Вообще, это многое объясняло. Голоса, которые я время от времени слышал откуда-то сверху, свет, больничные запахи. Всё это было реальным, оно происходило здесь, в палате. Возможно, каждый раз, когда я умирал в Лимбе (и всякий раз это было связано с горлом, с удушением), моё тело задыхалось в реальности. Когда мы с Доком шли по живому волосатому тоннелю, мне пихали в нос какую-то трубку. Ну или что-то такое, я не разбираюсь. Этот разговор: «Он в коме», когда Доктор подшучивал над Хлоей — я мог услышать часть фразы своими материальными ушами.
Боже, а что тогда было первично? Я задыхался, потому что меня душили в Лимбе, или я думал, что меня душат в Лимбе, потому что мозгу надо было интерпретировать настоящее удушье?

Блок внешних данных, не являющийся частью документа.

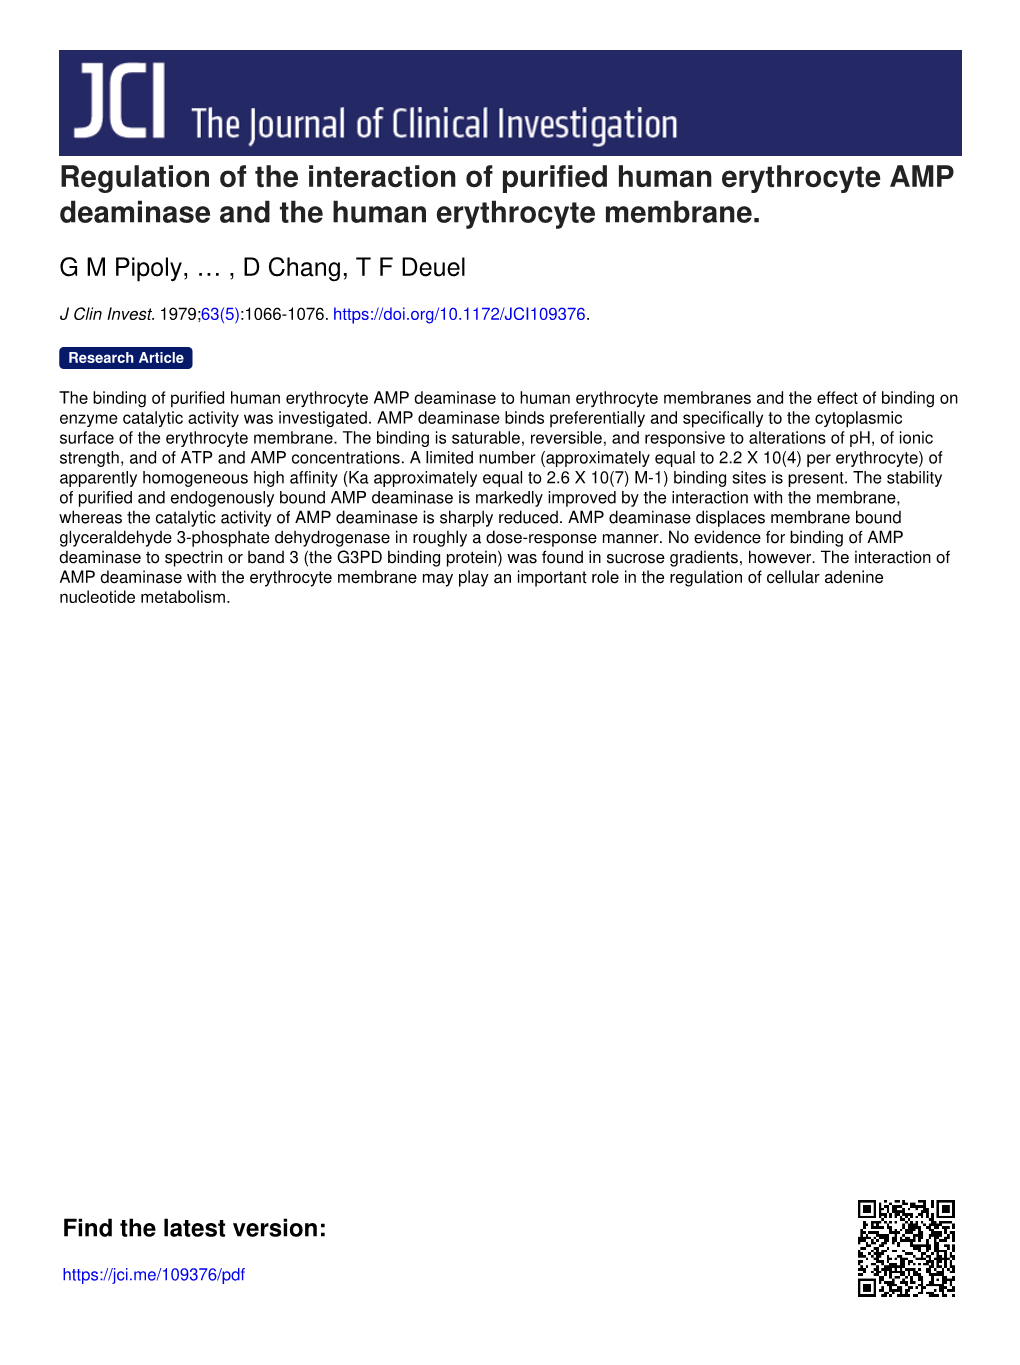 Regulation of the Interaction of Purified Human Erythrocyte AMP Deaminase and the Human Erythrocyte Membrane

Я падал, потому что меня уронили в реальности, или наоборот? Повторяющиеся эпизоды, бессмысленные разговоры, бесконечные комнаты — апогей любого страшного сна… это всё мог придумать только спящий мозг. Но как тогда я смог вселиться в Андрэ?
Разве что я всё ещё сплю.
Палата поплыла перед глазами. Я ущипнул себя трижды.
Больно.
Но ведь в Лимбе я тоже мог испытывать боль.
Я сойду с ума, я точно сойду с ума. Сумасшествие внутри сумасшествия. Безумие второго уровня.
Я могу узнать правду, только отключив тело от аппарата. Если ничего не произойдёт — я сплю.
В противном случае… я исчезну?
Нет, не исчезну. Ведь сектанты, которые в реальности умерли совершенно однозначно, продолжают жить в Лимбе.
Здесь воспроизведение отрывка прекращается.